We saw several new operating systems for the first time in 2011. Some were for fully fledged computers. Others were meant for mobile devices like smartphones and tablets. And not all of them were available on the market by the end of the year.
On the computer side of the market, we saw Apple's Mac OS X Lion hit virtual shelves. Apple made the decision to sell its new OS through the Mac App Store as a digital download. Some incompatibility issues with older software kept some users from adopting the new OS for a few months.
Microsoft unveiled a developer build of the next version of Windows, which the company called Windows 8. The OS sported a new user interface (UI) called Metro that resembled what you would find on a mobile device. The company revealed that Windows 8 will be optimized for touch-screen interfaces, though you can still navigate it using the traditional keyboard and mouse combination.

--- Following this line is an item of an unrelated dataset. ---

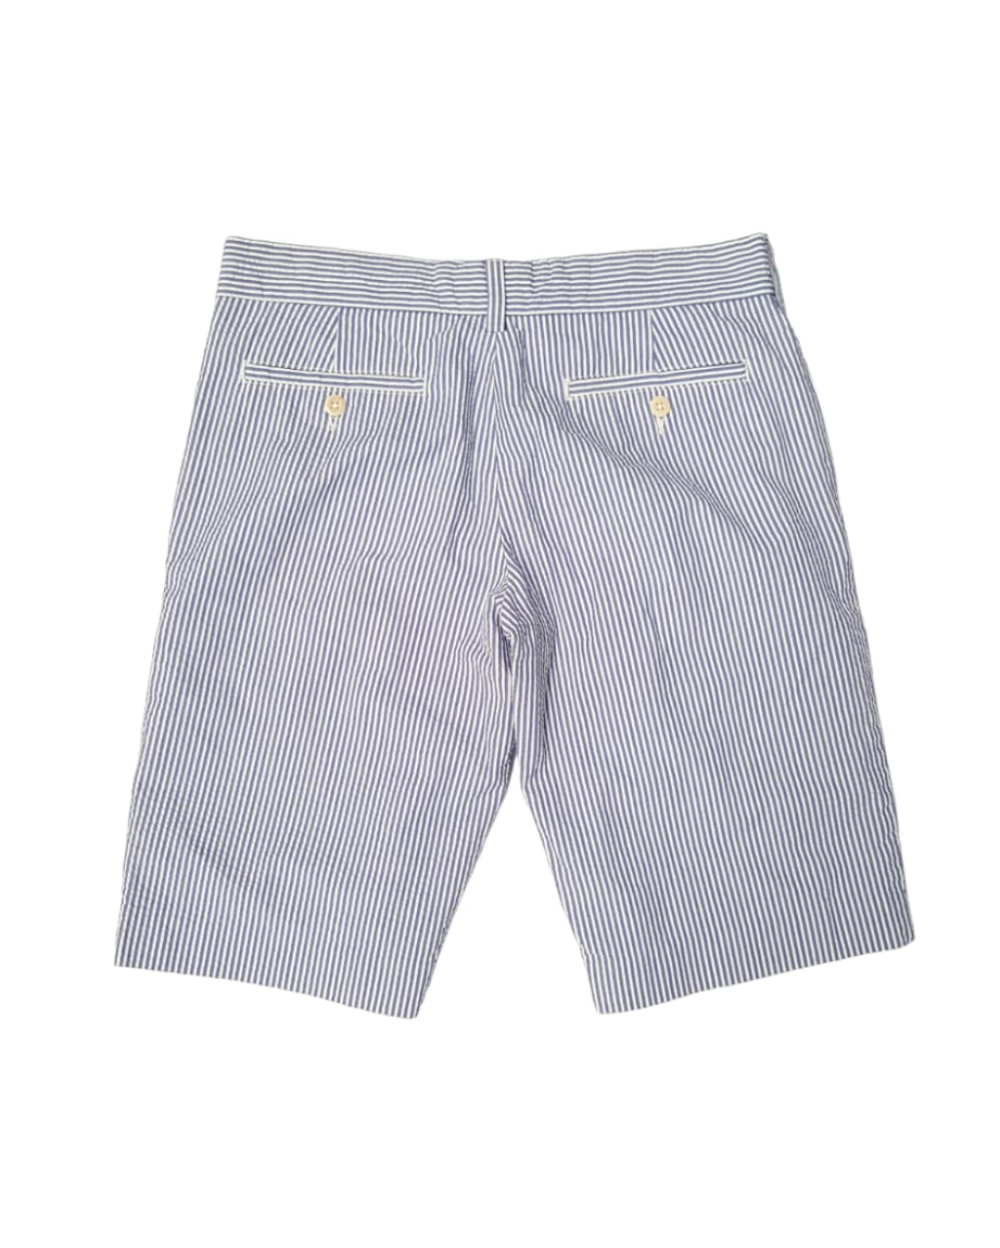 Shorts Casuales Ralph Lauren
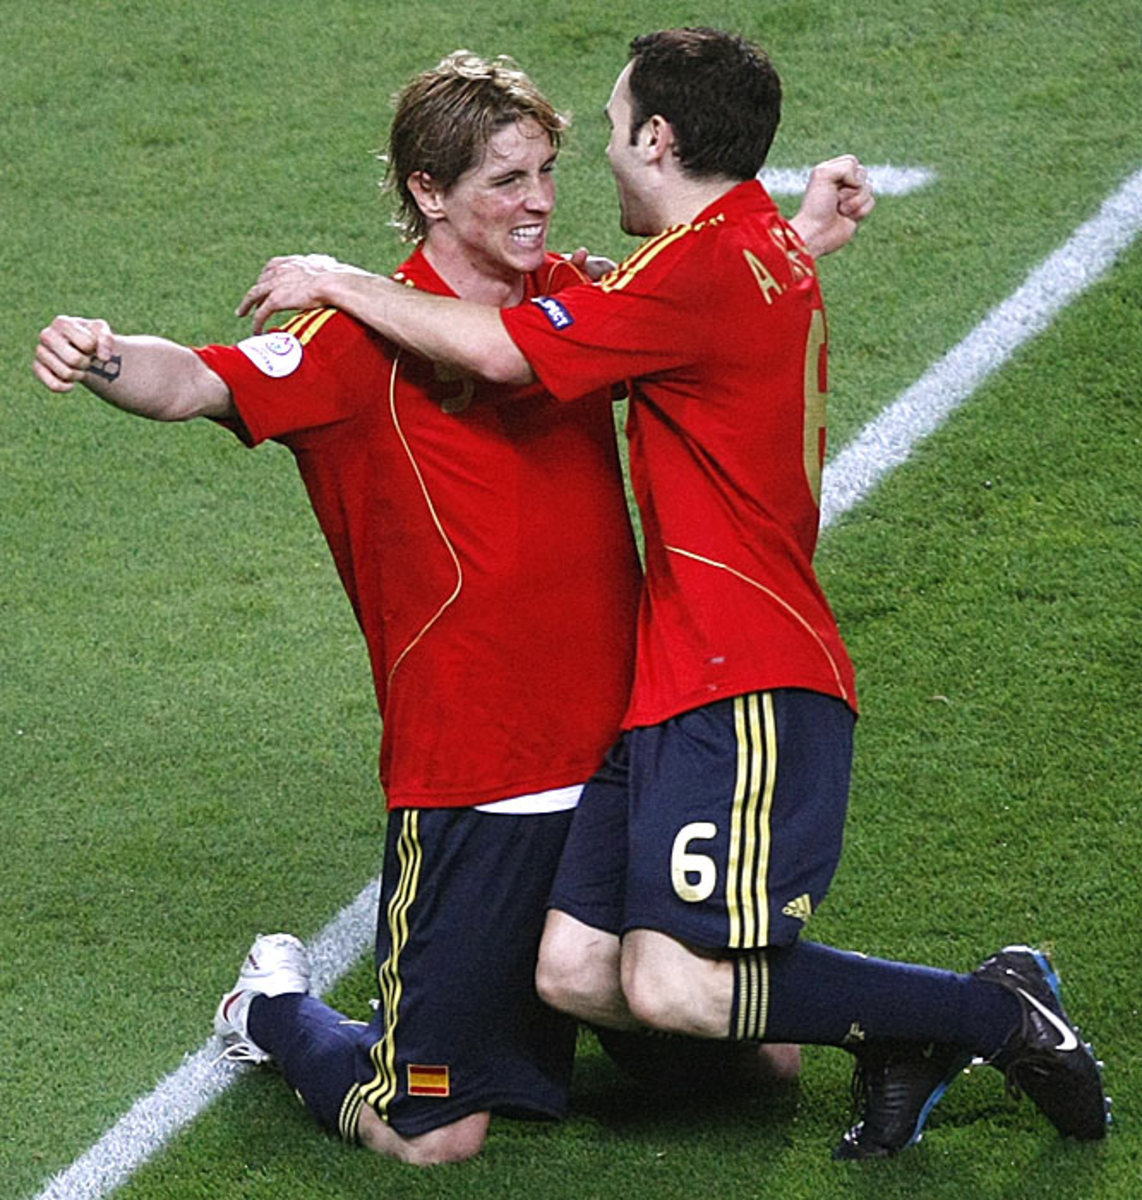 Spain 1, Germany 0

Linux fans got to play with two new builds of Ubuntu over 2011. The first was called Natty Narwhal and the second was Oneiric Ocelot. And Google devotees finally got their hands on the Google Chrome OS, an operating system that offloads most applications to the cloud.
Mobile operating systems that debuted in 2011 included Apple's iOS 5, an early look at Android Ice Cream and the Playbook's OS developed by QNX. Paired with HP's announcement that webOS will move to the open-source community, this news means that there's more competition than ever before in the operating system market.